Date: Thu, 2 Apr 2009 12:11:17 +0200 [thread overview]
Message-ID: <20090402101117.GA3010@duck.suse.cz> (raw)
In-Reply-To: <604427e00904011536i6332a239pe21786cc4c8b3025@mail.gmail.com>
Hi Ying,
On Wed 01-04-09 15:36:13, Ying Han wrote:
> I feel that the problem you saw is kind of differnt than mine. As
> you mentioned that you saw the PageError() message, which i don't see
> it on my system. I tried you patch(based on 2.6.21) on my system and
> it runs ok for 2 days, Still, since i don't see the same error message
> as you saw, i am not convineced this is the root cause at least for
> our problem. I am still looking into it.
> So, are you seeing the PageError() every time the problem happened?

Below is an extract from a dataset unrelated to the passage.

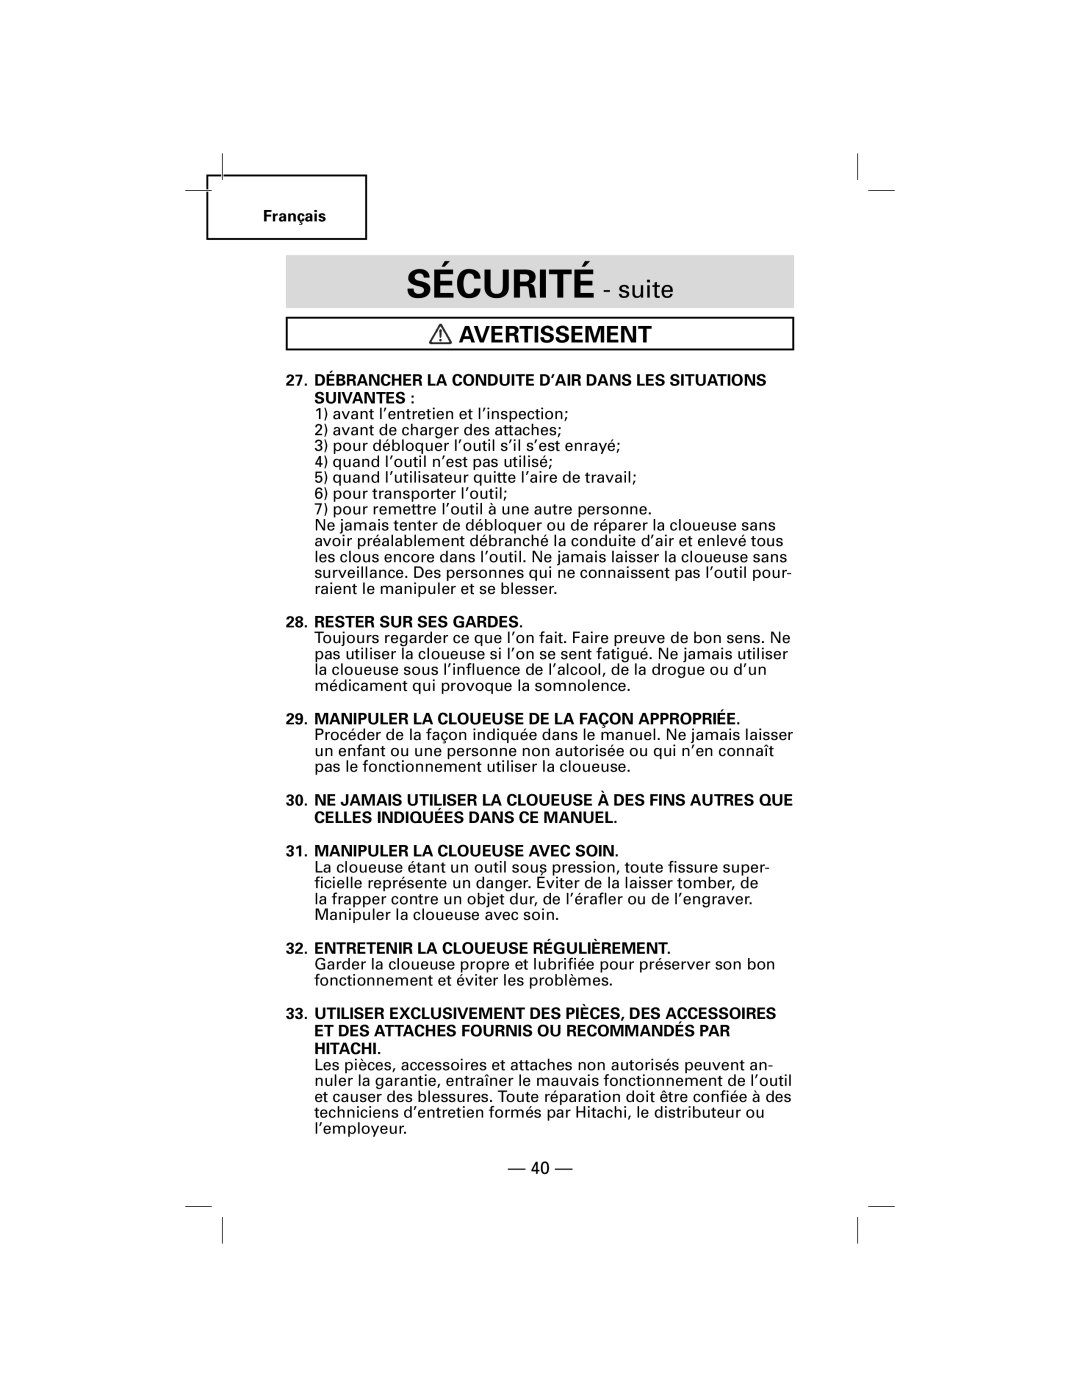 Hitachi NT50AGF manual SÉCURITÉ - suite, Avertissement

Yes, but I agree that your problem is probably different. BTW: How do you
reproduce the problem?
Honza
> On Tue, Mar 24, 2009 at 10:35 AM, Jan Kara <jack@suse.cz> wrote:
> > On Tue 24-03-09 16:48:14, Jan Kara wrote:
> >> On Wed 25-03-09 02:03:54, Nick Piggin wrote:
> >> > On Wednesday 25 March 2009 01:47:09 Jan Kara wrote:
> >> > > On Wed 25-03-09 01:30:00, Nick Piggin wrote:
> >> >
> >> > > > I don't think it is a very good idea for block_write_full_page recovery
> >> > > > to do clear_buffer_dirty for !mapped buffers. I think that should rather
> >> > > > be a redirty_page_for_writepage in the case that the buffer is dirty.
> >> > > >
> >> > > > Perhaps not the cleanest way to solve the problem if it is just due to
> >> > > > transient shortage of space in ext3, but generic code shouldn't be
> >> > > > allowed to throw away dirty data even if it can't be written back due
> >> > > > to some software or hardware error.
> >> > >
> >> > > Well, that would be one possibility. But then we'd be left with dirty
> >> > > pages we cannot ever release since they are constantly dirty (when the
> >> > > filesystem really becomes out of space). So what I
> >> >
> >> > If the filesystem becomes out of space and we have over-committed these
> >> > dirty mmapped blocks, then we most definitely want to keep them around.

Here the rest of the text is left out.